Author's Note: POV was left intentionally vague. I'm curious to see at the end who you thought it was and then I dare you to reread and switch characters.

+++

You wait.

It's not easy (it never is) as the static of the lost signal echoes through the ship, everyone silent and listening for a hint of a voice in the white noise that is surrounding you like a cocoon, making you oblivious to everything else, the methodical, distracted way those around you work while (you know) they're watching you out of the corners of their eyes.

You cling to the last thing you heard before communication was lost.

A loud noise, like a sudden clap of thunder in the middle of a summer day.

His voice coming through, strong and calm despite the chaos that could be made out around him (screaming and crying and the building falling apart), as he reports the bomb, compromised structural integrity, there's no time to make it out, just to follow tricorder readings to look for the strongest part of the frame (the place with the highest odds of not collapsing entirely when it all comes tumbling down), and then the static.

The only comfort is the life monitors, showing the four that made up the away team as still alive, and you'd be mad at yourself for only really caring about one of them at the moment, but you're sure that Uhura feels the same way as Spock's down there, too.

You hear Scotty report that there's a signal blocking the transporter, and you hope that's why the comms were cut off (not by the building collapsing, crushing them, rendering them useless).

+

It's been an hour of you listening to attempts at planning a rescue effort, numb and silent (but at least being on the bridge makes you feel better than being by yourself somewhere would) when the static breaks. Enterprise is being hailed from the planet's surface.

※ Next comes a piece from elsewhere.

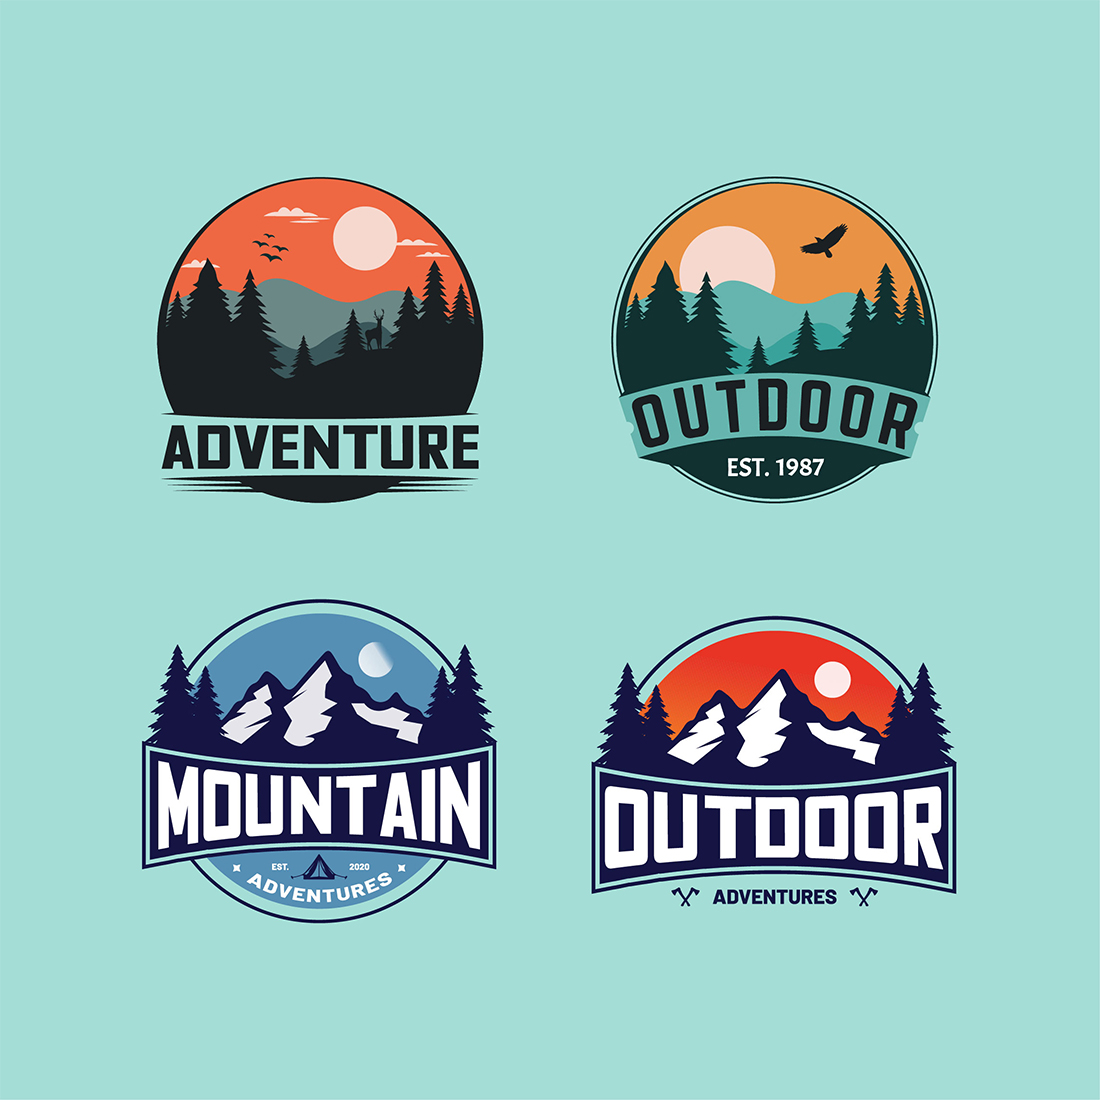 Adventure outdoor mountain logo design vector illustration preview image.

At least a dozen aliens standing shoulder to shoulder become visible, the one in the middle with his chest puffed out in pride claiming to be the leader of their group, taking responsibility for the bombing. He explains how his group is against the Federation's assistance and that he wants them to leave or the hostages will pay. The aliens fall out, revealing the away team - bloody, trussed up and gagged, but alive.

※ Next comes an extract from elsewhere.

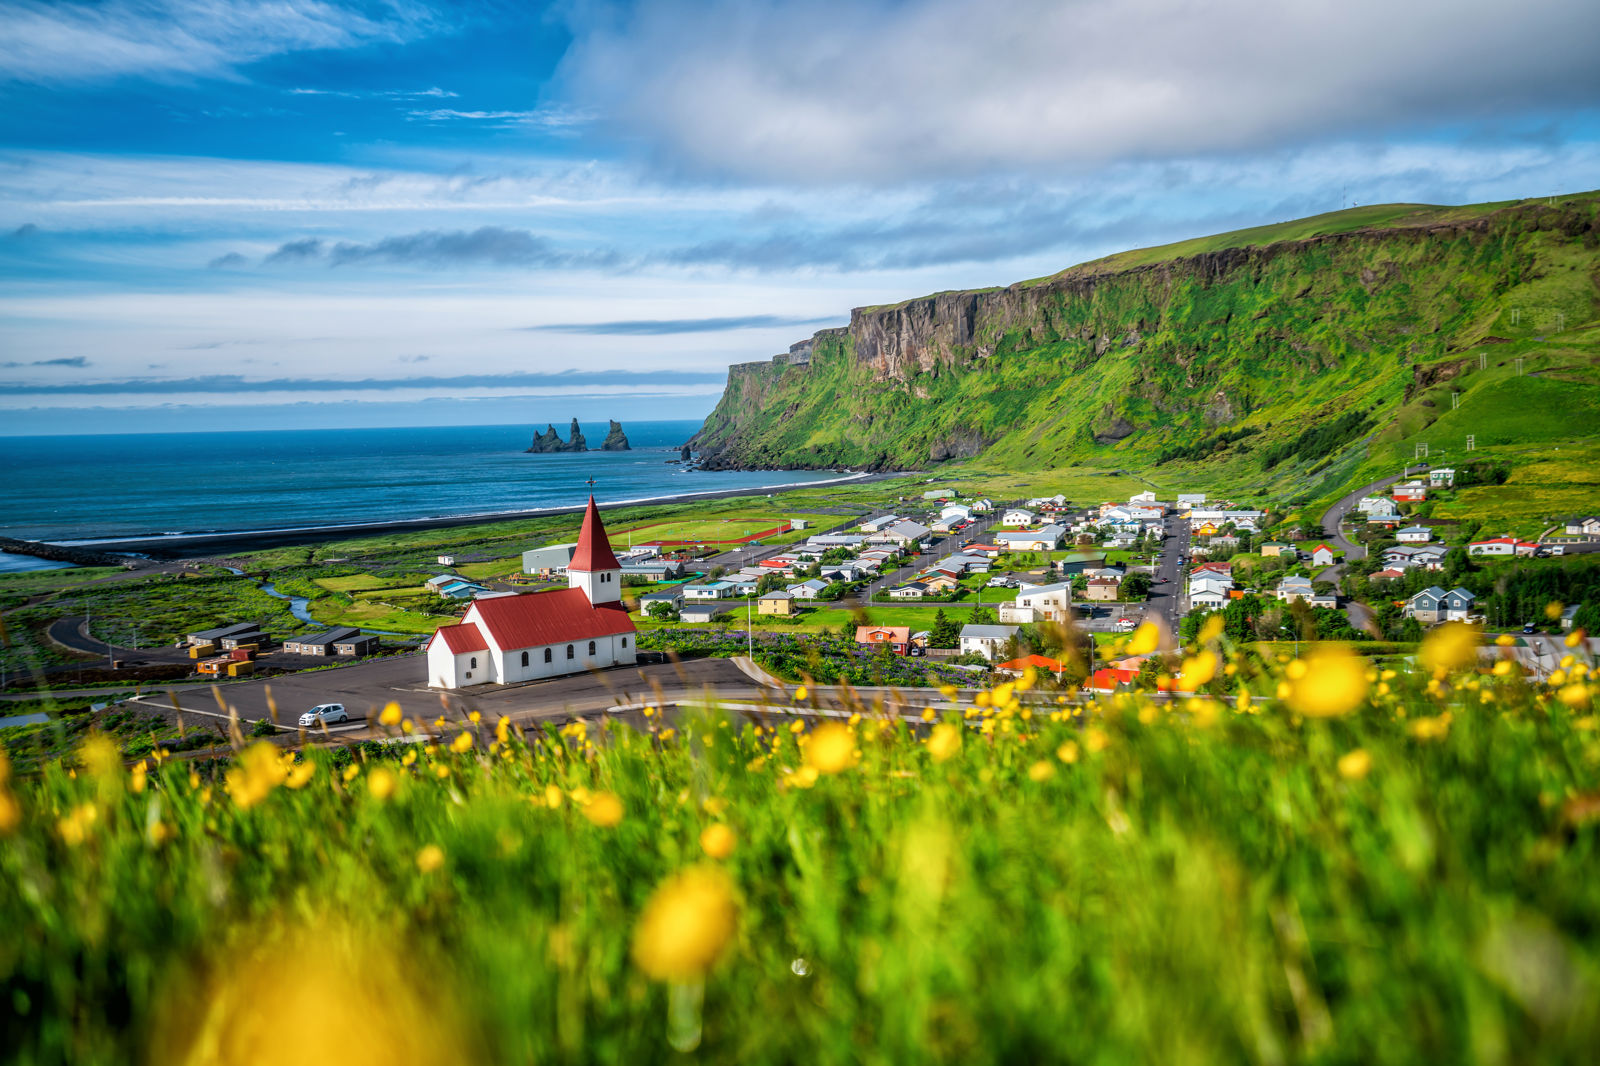 Cruise IJsland&Schotland incl. busreis

Your eyes go straight to his, and it's a relief to see his defiance (that beautiful, stubborn son of a bitch).

You're glad they cut the connection before you can say anything to make the situation worse.

Scotty arrives on the bridge, giving you a distraction from Chekov and Sulu (they're looking at you like you might explode) and how tense Uhura's jaw is as she tries to remain calm, professional, when on the inside she's undoubtedly breaking as you are because you both know the same thing.

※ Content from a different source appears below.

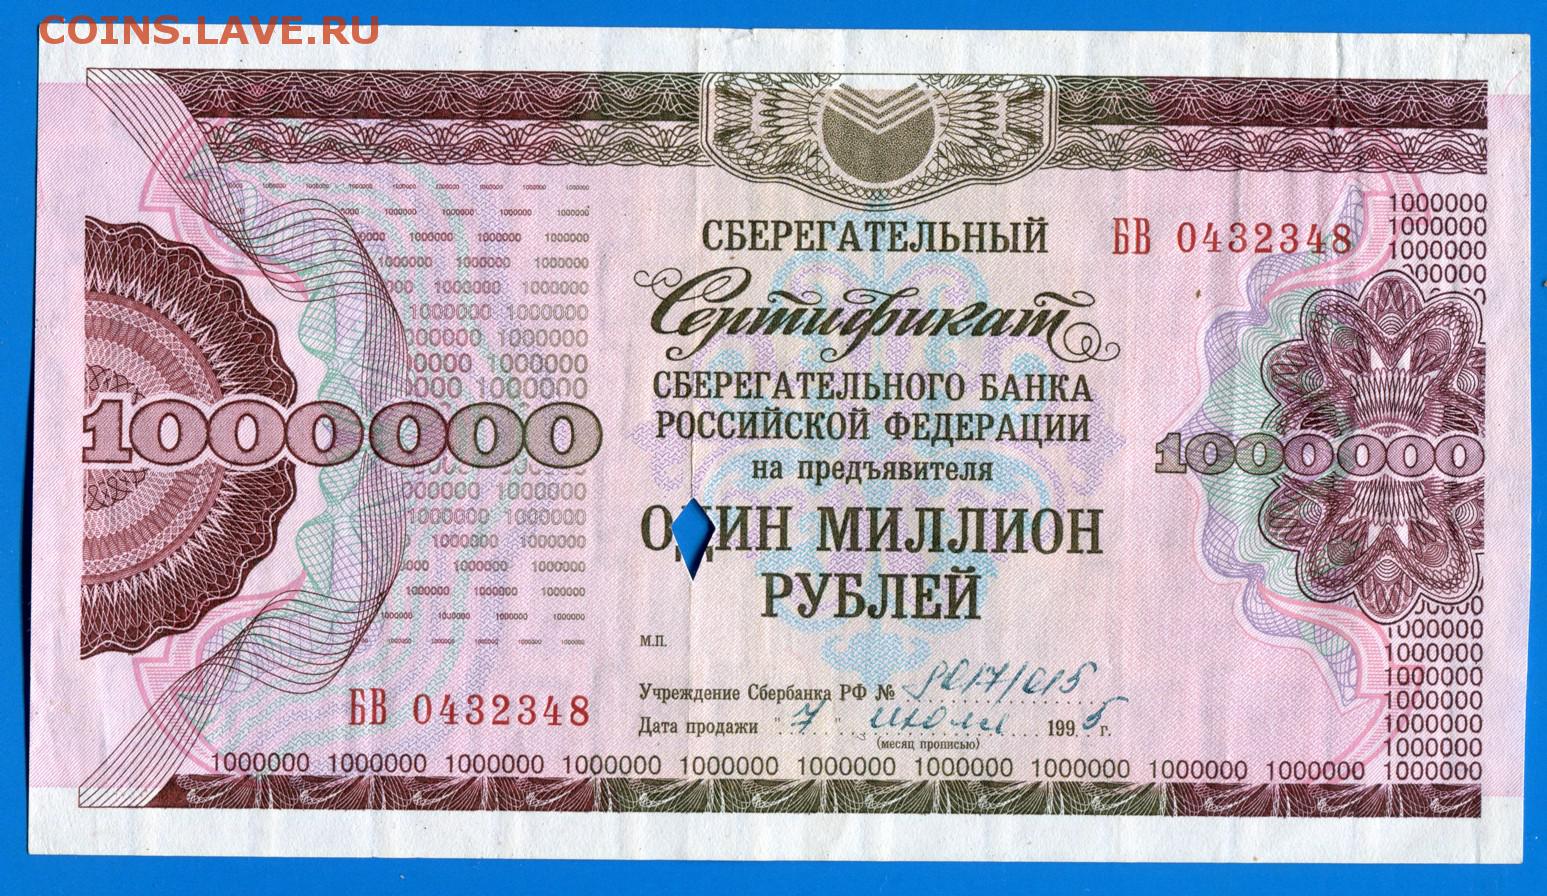 1000000 рублей россии. Сертификат на 1000000 рублей. 1000000 Рублей 1995 года. Купюра 1000000 1995. Купюра 1000000 рублей 1995.

The Federation doesn't negotiate with terrorists.

You take yourself off duty because you don't know what else to do. You go to his quarters instead of your own, and Uhura shows up fifteen minutes later so at least neither of you are alone.

+

You try not to think about the passage of time, but the countdown is as palpable as your heartbeat, lying in his bed and wishing it were him you could feel under your hand, against your chest.

They gave three hours for a decision to be made before they'd kill the away team, not even one by one but all at once because one by one gave Enterprise time to call for help or put together a plan that might actually work.

Uhura's sitting on his couch, staring at the wall, and you gave up on your facade of dignity by clutching at his pillow, breathing in his scent, not caring that you're mourning for someone who is still alive because he might not be in just under two hours, now, and the closest you'll get to a goodbye were those brief seconds of staring at each other through the view screen.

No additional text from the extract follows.